**Exercise:** If pictures appear, leave them out, and return exactly the lines from the one holding "BANNER_Smarter-Than-Car_2015_VIP_Parking_Beijing_xorx4" through the last line of the listing below.

Start of Given material

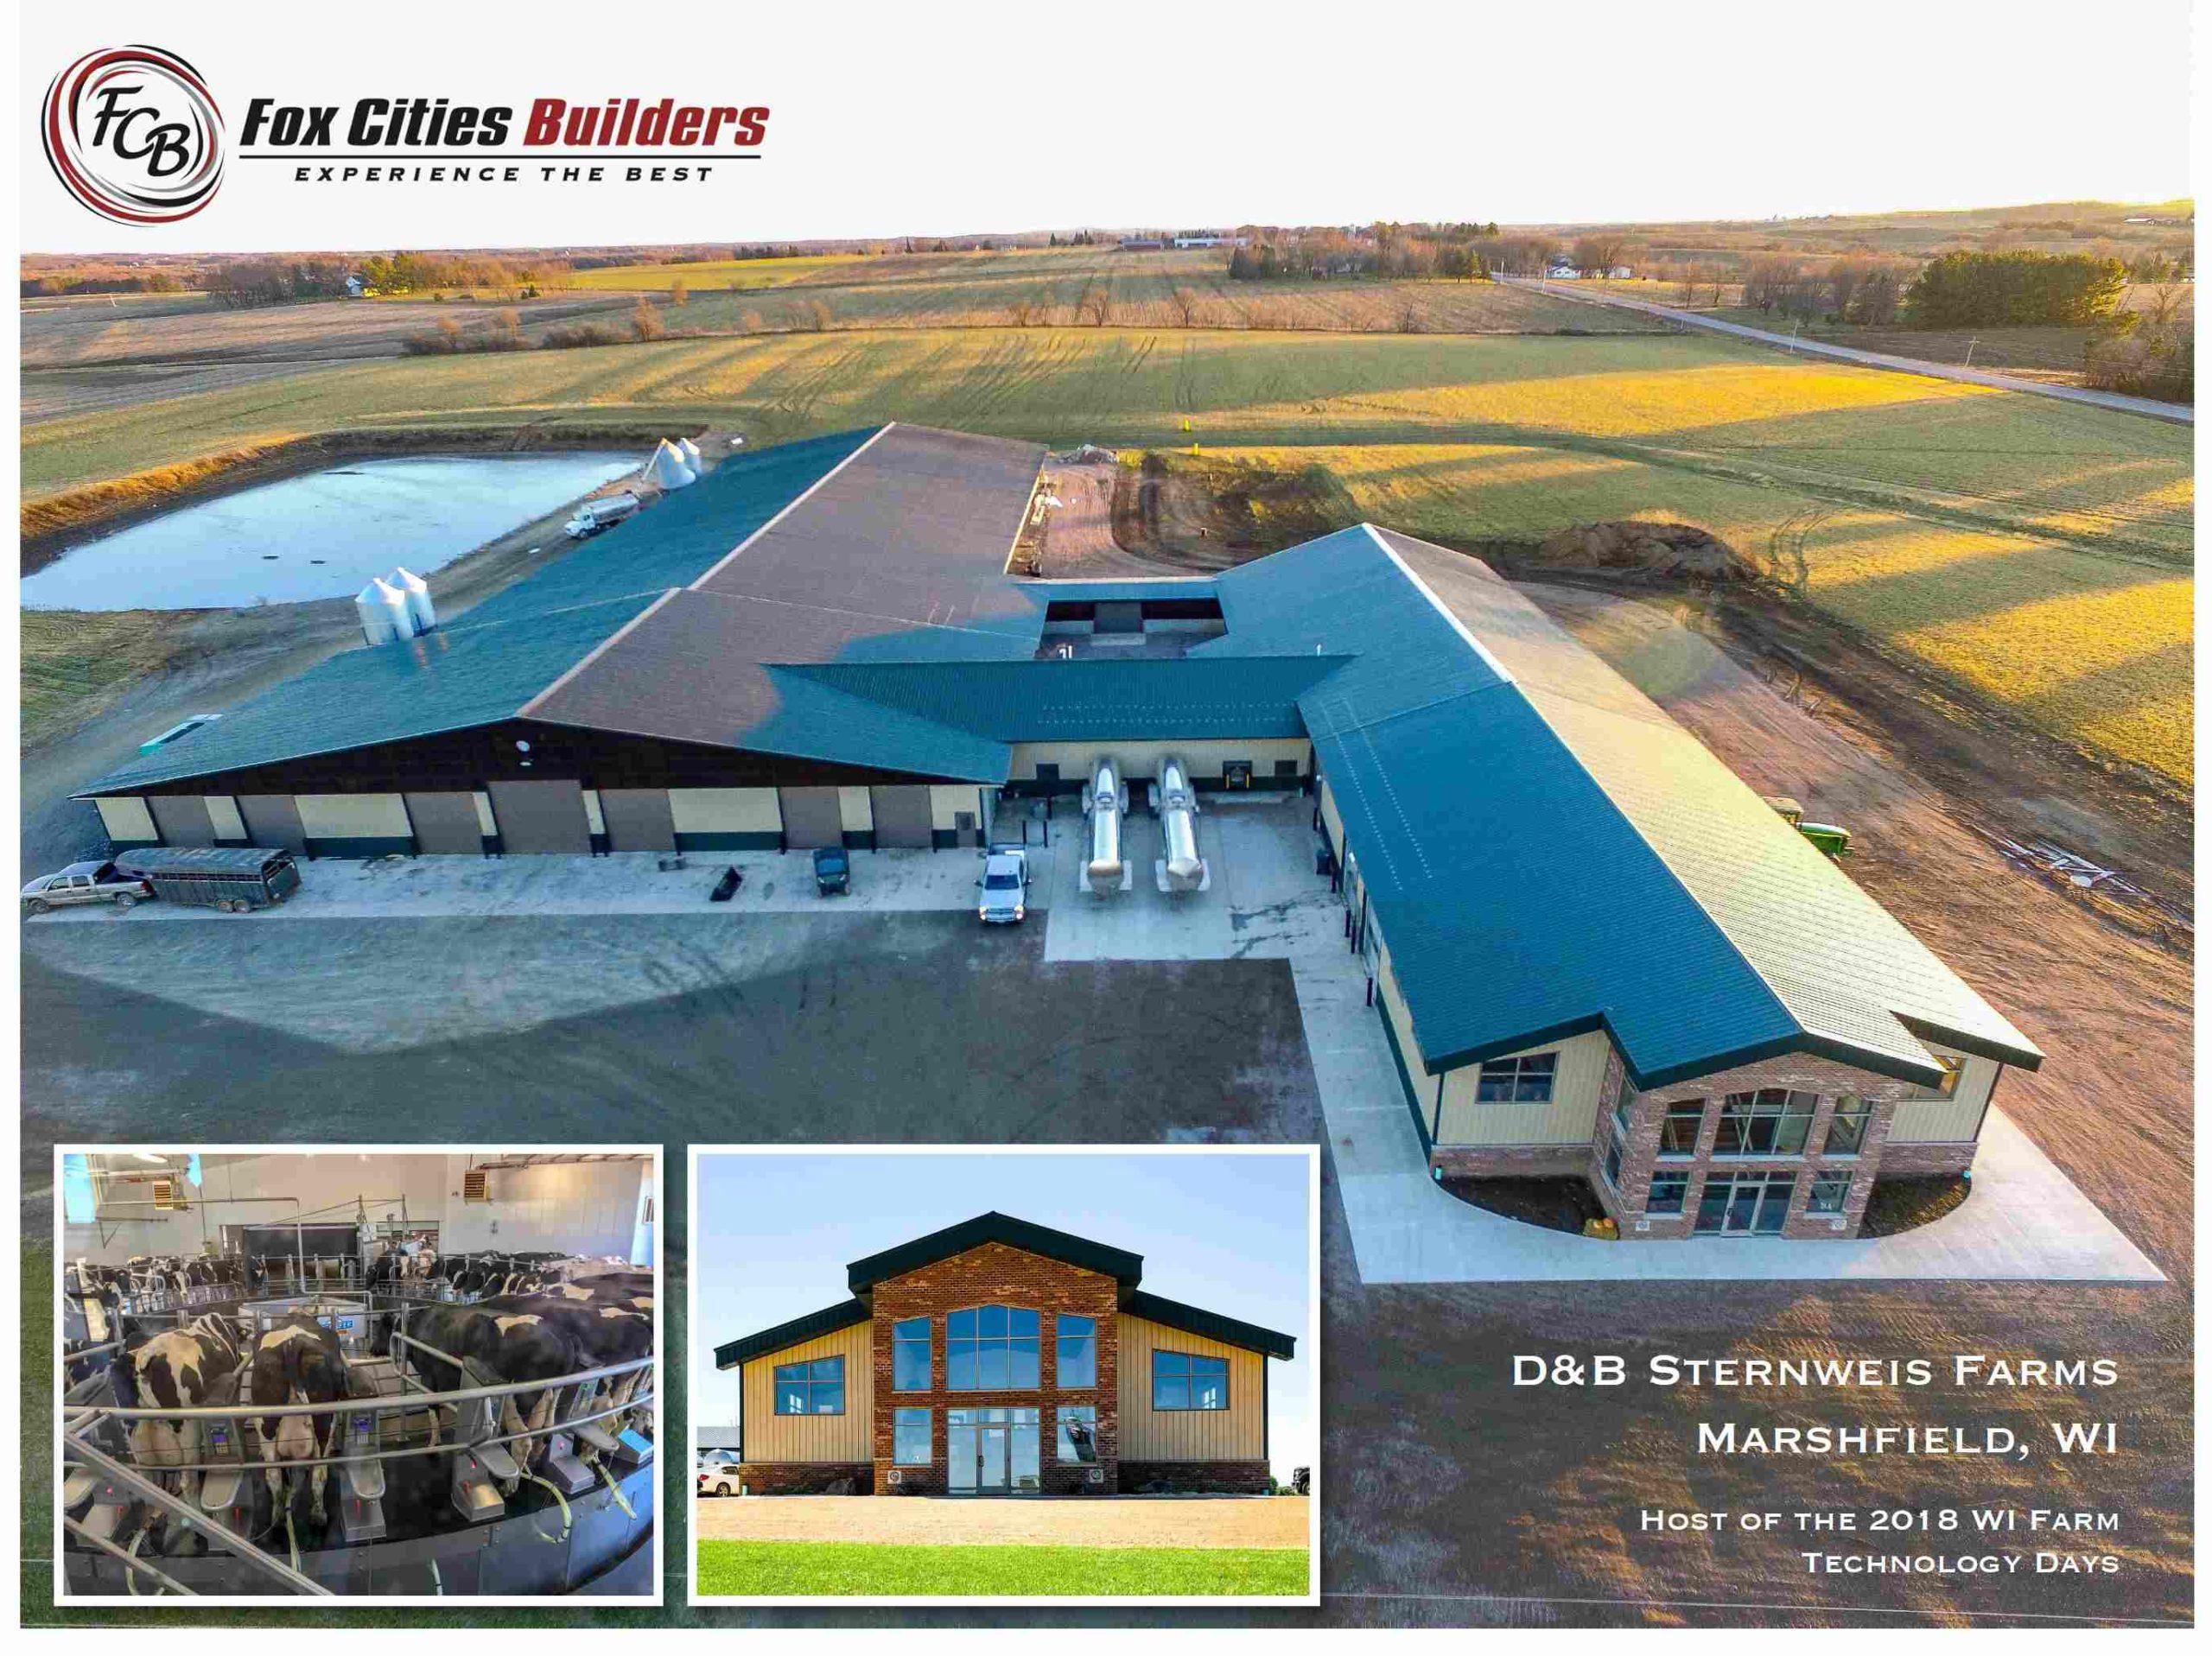 D&B Sternweis Farms, Inc. - Rotary Milking Parlor
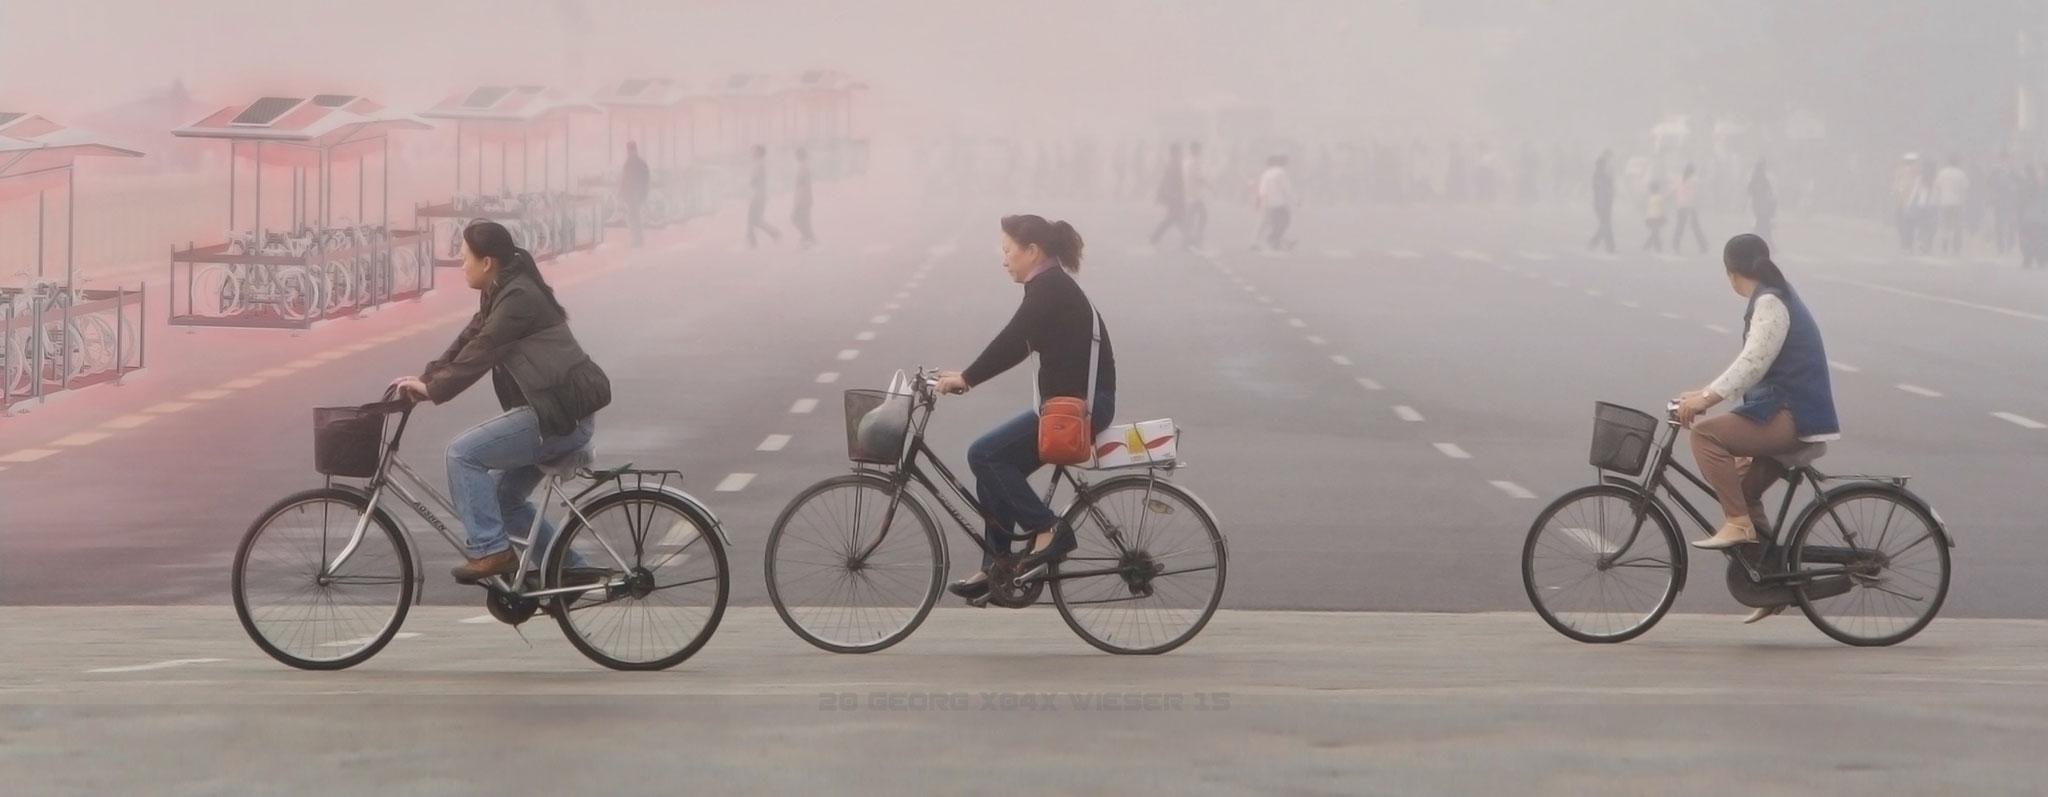 BANNER_Smarter-Than-Car_2015_VIP_Parking_Beijing_xorx4
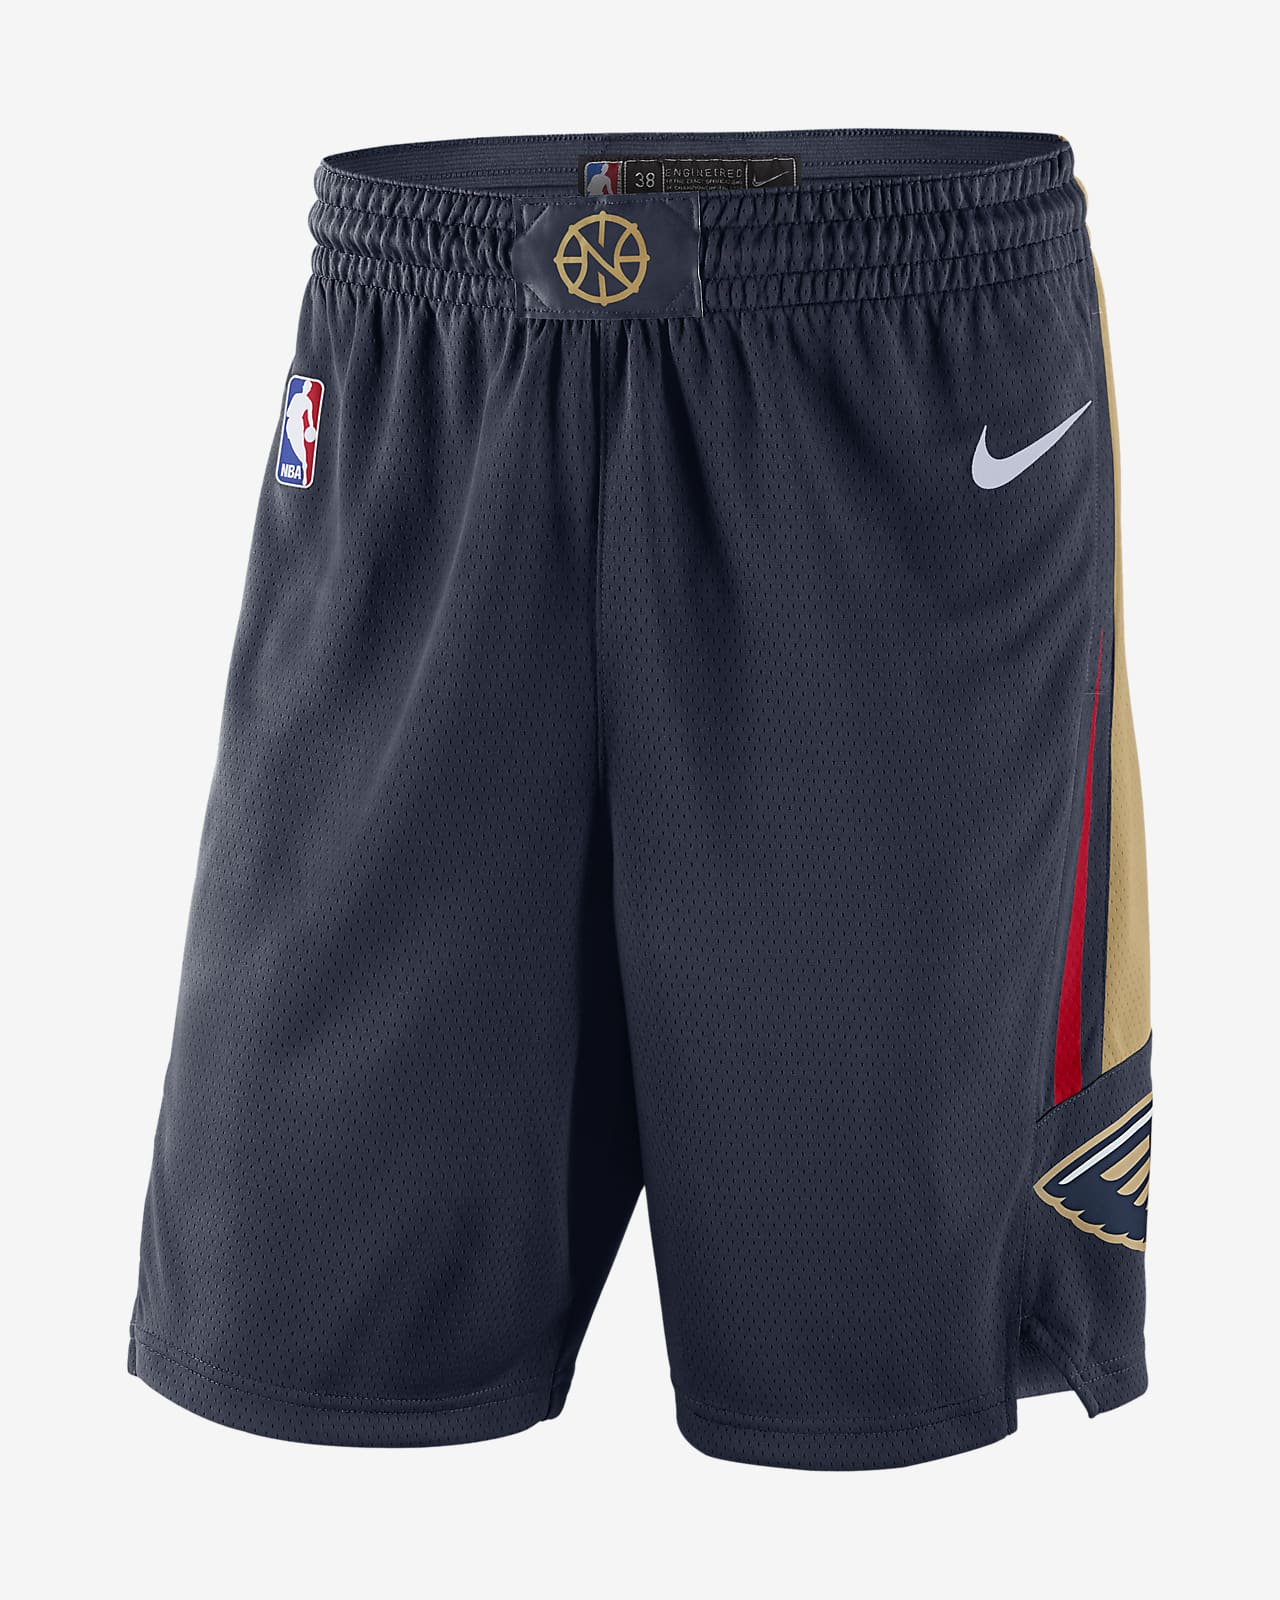 New Orleans Pelicans Icon Edition Nike NBA Swingman Erkek Şortu

End of Given material

**Your response:**
 BANNER_Smarter-Than-Car_2015_VIP_Parking_Beijing_xorx4
 New Orleans Pelicans Icon Edition Nike NBA Swingman Erkek Şortu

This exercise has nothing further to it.